What you're actually optimizing

Before listing duties, derive the objective. A post-training RL run repeats a single loop:

┌─────────────────────────────────────────────────────────────────┐ │ for step in range(N_steps): │ │ prompts ← sample batch │ │ rollouts ← INFERENCE_ENGINE.generate(policy, prompts) │ │ rewards ← ENVIRONMENT.score(rollouts) │ │ logπ_θ ← TRAINER.forward(policy, rollouts) │ │ logπ_ref ← REF_MODEL.forward(rollouts) ─┐ KL anchor │ │ advantage = compute_advantage(rewards, logπ_*) │ │ │ loss = PPO/GRPO/RLOO surrogate │ │ │ TRAINER.backward(loss); optimizer.step() │ │ WEIGHT_SYNC.push(policy → INFERENCE_ENGINE) │ └─────────────────────────────────────────────────────────────────┘

Six distinct compute roles, four communication paths, one shared piece of state (the model weights) that lives in two formats simultaneously. The number you minimize is seconds per RL step at fixed correctness and stability. Every duty below traces back to one or both of those terms.

First-principles framing
An RL step is dominated by rollout time. For a 7B model generating 1024 tokens × 64 prompts × 16 rollouts, you'll do ~1M forward passes through the policy just for rollouts, vs. one forward + one backward for training. If the rollout engine isn't >5× faster per token than the trainer, rollout dominates > 80% of step time. This single ratio decides the architecture of the entire system.

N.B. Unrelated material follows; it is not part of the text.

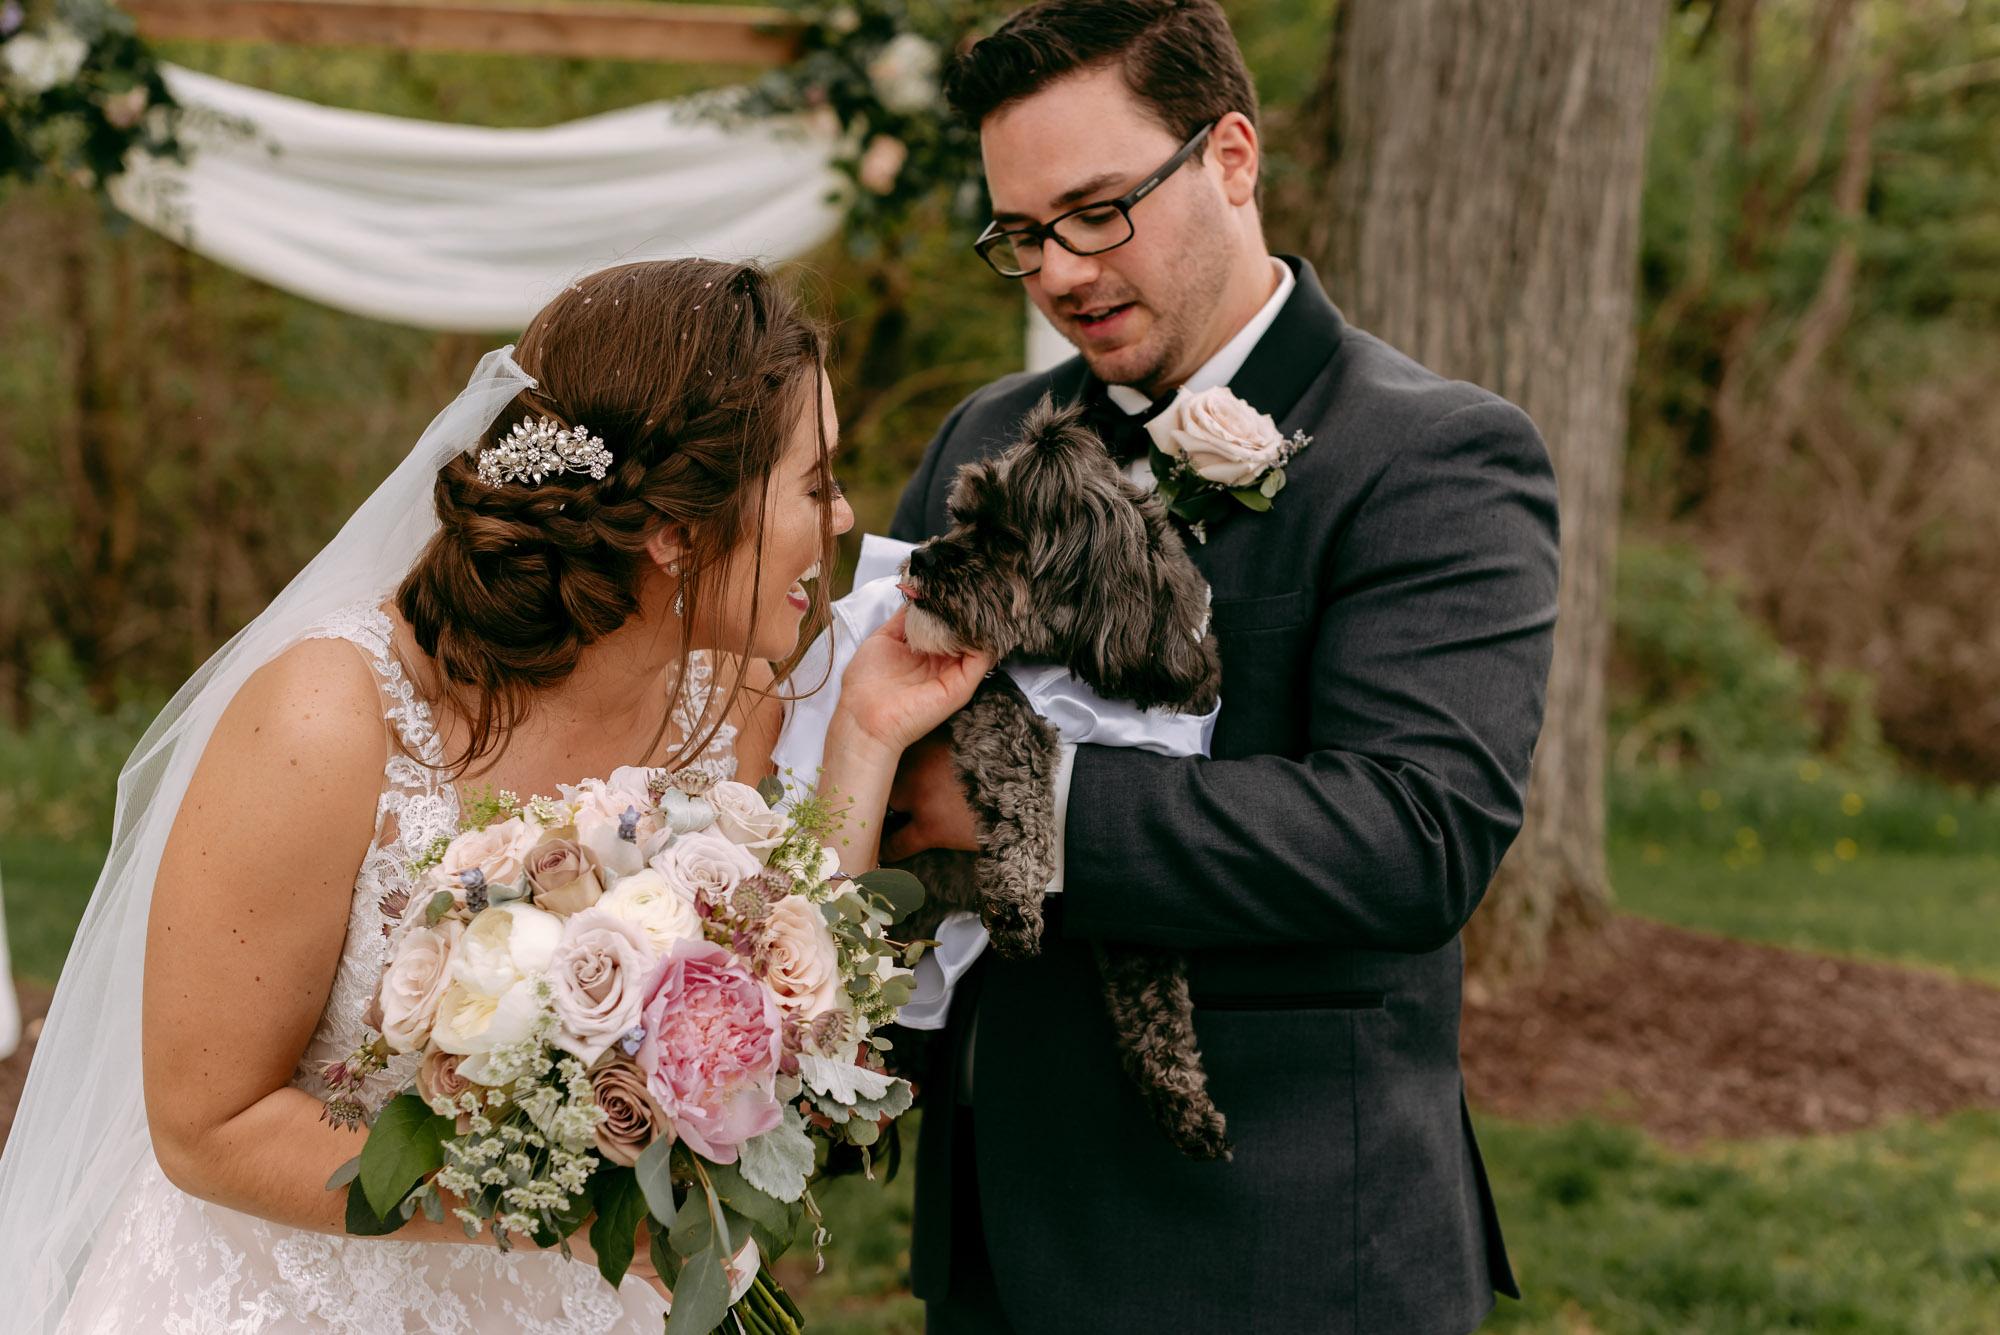 orchard-farms-pavillion-wedding-rockton-IL-wedding-photographers-306.jpg

The two duties you were asked about — yes

The two duties in the prompt are exactly the headline activities. Restated honestly:

Duty (as written)What it actually meansTime share
Improve and support RL infra for agentic use Extend the rollout loop from single-turn ("prompt → completion") to multi-turn agent trajectories with tool calls, structured outputs, branchy environments, per-turn rewards, and tool-output masking. Build the environment/verifier substrate (sandboxed code execution, deterministic graders, async tool I/O). Wire it into the trainer's loss masking so gradients only flow through model-generated tokens, never tool outputs. See 08_agentic, 18_environments. ~30–40%
Develop new kernels to speed up rollout generation and training Two distinct kernel surfaces. Rollout-side: attention variants (FlashAttention, FlashInfer, paged), prefix caching, speculative decoding, GQA/MQA, KV quantization, chunked prefill. Training-side: chunked cross-entropy, fused PPO ratio+clip, fused KL estimators, sequence packing (varlen attention), low-precision (bf16/fp8) gradients. Plus the bridge: log-prob compute kernels that produce byte-identical values across rollout and trainer. The next lesson (24) drills into this. ~25–35%

So yes — these are core. They're also incomplete. The role spans five layers, only two of which are listed above.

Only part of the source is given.